Note: When using your Windows system to log into a Linux or Macintosh system, you will probably (depending upon how you have configured your Network Identity Manager identities) want to have your FERMI Domain principal, user@FERMI.WIN.FNAL.GOV, in the .k5login files of the systems you are going to access (as well as your user@FNAL.GOV principal). See note The .k5login File for further information.

For instructions on how to setup and configure MIT Kerberos for Windows, see note Installing MIT Kerberos for Windows.

Run an interactive SSH Terminal Session to a Kerberized Host

1. Start the PuTTY application. The PuTTY Configuration window will appear.
2. In the Session section, type your destination hostname in the Host Name box. You can also type username@hostname if you are logging in as a different user.
3. Click the Open button to log in. If you don't already have a valid Kerberos ticket, a dialog will pop up asking for your Kerberos username and password.
4. You can also enter a name in the Saved Sessions box and click the Save button for future use. To use a saved session, click on the session name in the Saved Sessions list to select and then click on the Load and then the Open buttons.
   
   

From the Windows command line, run a command on a remote Kerberized Host

PuTTY plink is a command line application that allows for interactive logins from a command window or to execute commands on a remote system (useful for automated processes and scripting).  Documentation on Using Plink is available online with a complete list of command line options.

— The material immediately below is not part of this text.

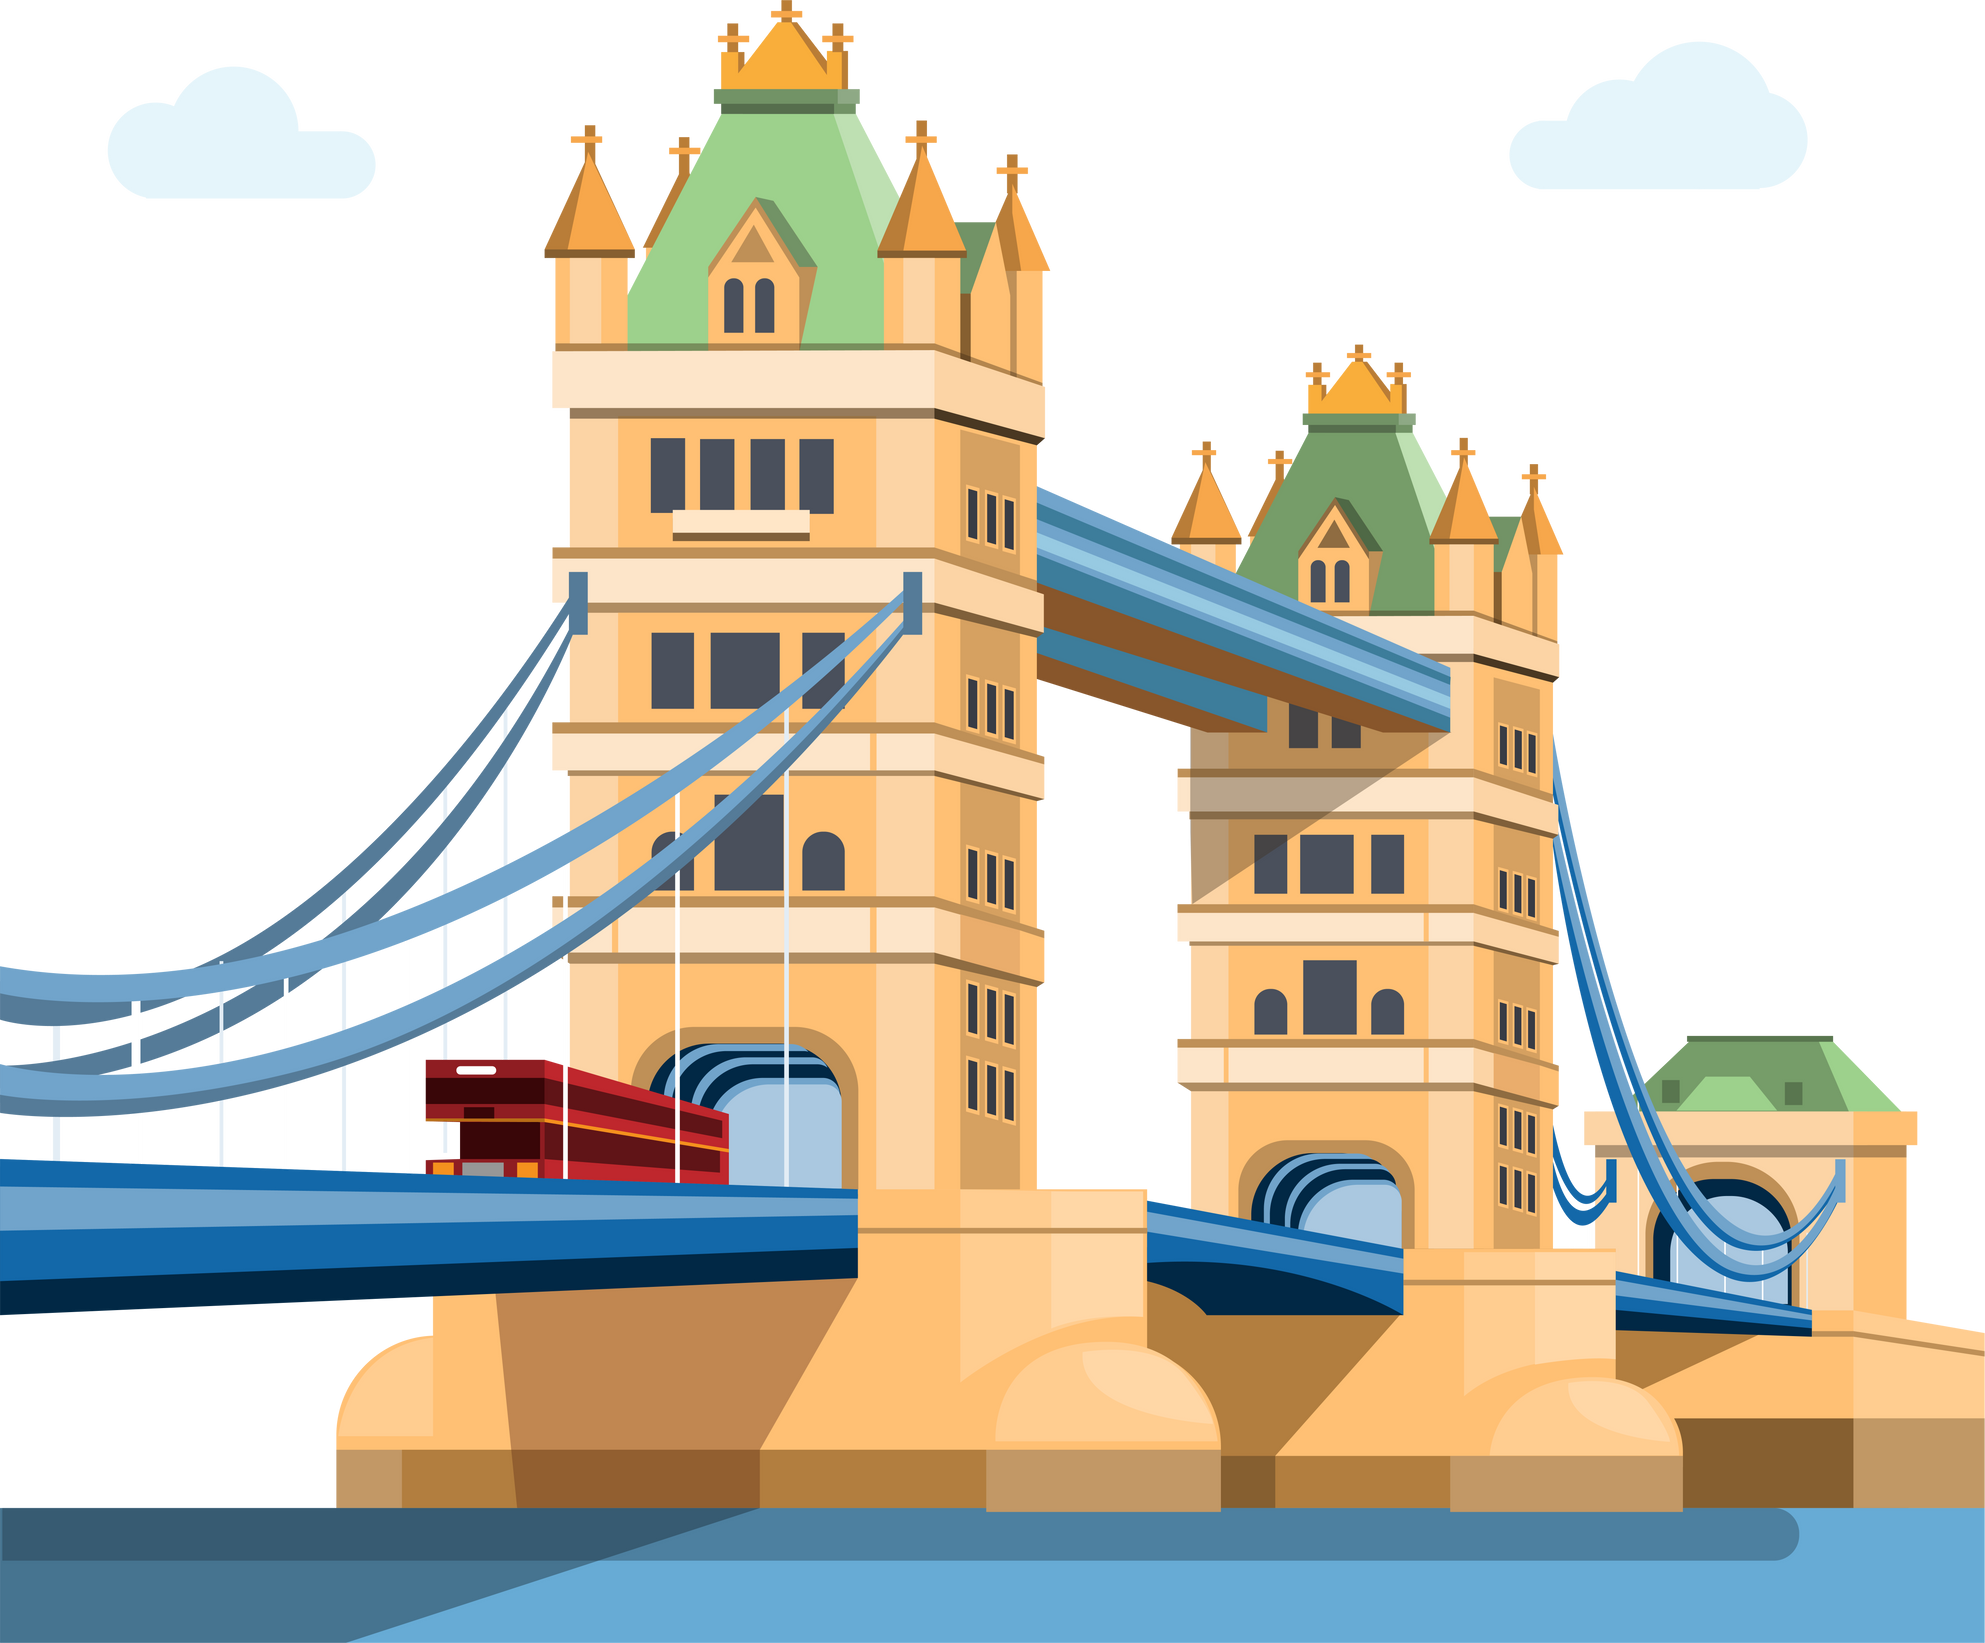 London Tower Bridge across the river thames famous landmark building

The basic command to run a command on another system is (see the plink documentation for a complete list of options):

plink  -ssh  -batch  [user@]host  command

The -ssh option guarantees that the SSH protocol is used, it is not needed if you have configured PuTTY with Kerberized SSH as your Default Session.  The -batch option is useful for automated processes and scripts, it disables all interactive prompts and instead causes the plink command to fail if there is a problem.  You can also specify the username for the remote system by using the "-l user" option or by pre-pending the username to the hostname as in "user@host" similar to the ssh command under Linux or the Macintosh. If you have setup a Saved Session in PuTTY, you can use that session name in place of the hostname.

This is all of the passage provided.